All facial variables are categorised according to DogFACS guidelines: Upper Face Action Units, Lower Face Action Units, Action Descriptors, and Ear Action Descriptors. Other coded variables could be found in the original data and comprise body movements (body shake), activities (panting), or gaze/head directions (eyes up or head turn right). There are two main reasons for selecting variables belonging only to the facial categories and discarding others. First, since we want to utilise facial landmarks, we must limit ourselves to only facial movements. Second, we want to treat events as anomalies rather than trends. By that, we mean that the events such as head tilt left imply not the movement but the state and, most of the time, last for several continuous sections. A future research direction would be to use a landmark-based approach for gaze/head direction classification.

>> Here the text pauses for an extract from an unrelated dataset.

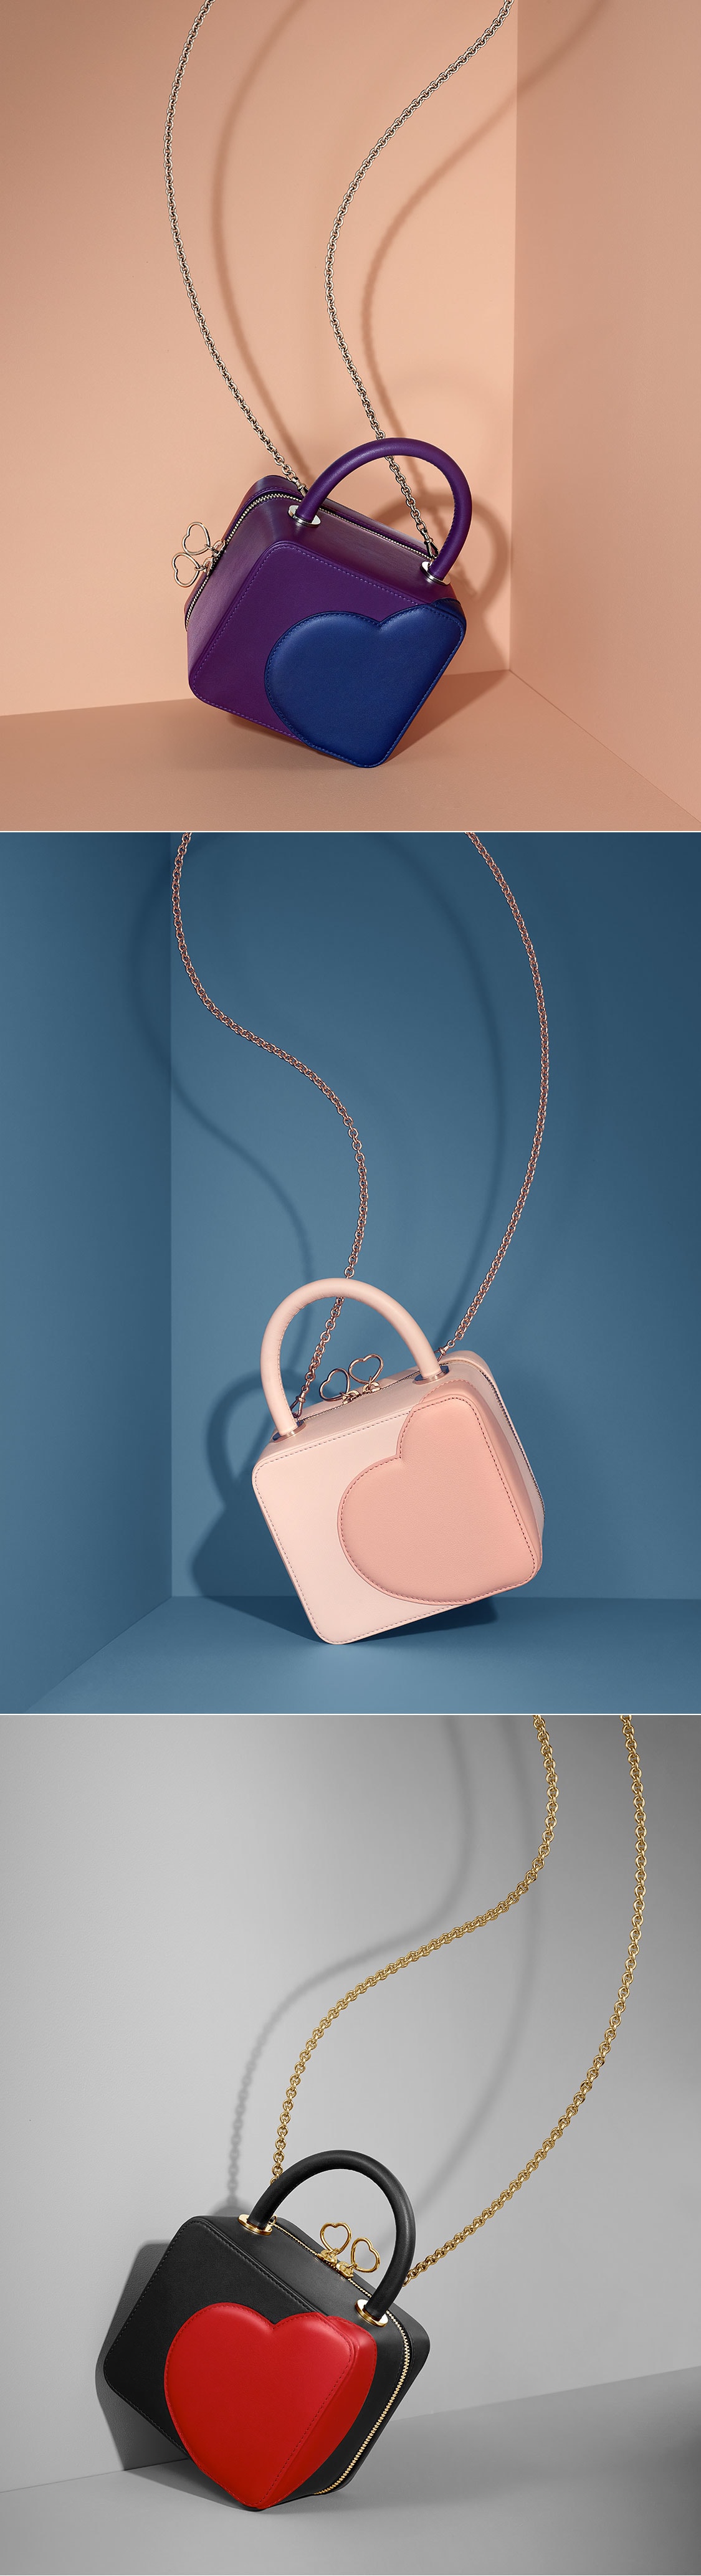 Chloë Sevigny x Chopard Luxus-Handtaschen

Each category has several variables, each with a specific number of occurrences in the dataset. We excluded variables with less than 20 occurrences to ensure meaningful statistical analysis across all variables. Sections without any variables in a specific category are labelled as None. For each variable, we also provide intercoder reliability (ICR), as reported by Bremhorst et al. Table 5 presents the final list of variables used. The data is collected in such a way that, despite the anomalous events being coded as 5-frame sections, some of them have a point-wise nature, occurring rarely and lasting no more than one sequence (blink, upper lip raiser). Later, we will refer to one-sequence anomalies as point anomalies.

Table 5 DogFACS events (variables) from23 used in the current study.

Landmark detection

In the current experiment, we used the landmark series obtained in the previous video classification experiment.

Preprocessing

For each variable M, we divided the normalised landmark series into learning and evaluation. To correctly measure the performance, we ensured each evaluation sequence contained at least one anomaly section of the chosen variable. Then, for the learning part, we sliced the time series into windows of size \(L=15\) (0.6 sec., three variable segment sizes) with a step of \(S=1\) (0.04 sec.). Discarding windows that contain zero-confidence rows (landmarks are undefined), we obtained 12,043 normal and anomaly windows of shape (L, 92). An anomaly window contains a full section with a specific variable M, while a normal window may include other or no variables. Then, we divided normal windows into train/validation/test in 80:15:5 proportion, leaving all anomaly windows for evaluation.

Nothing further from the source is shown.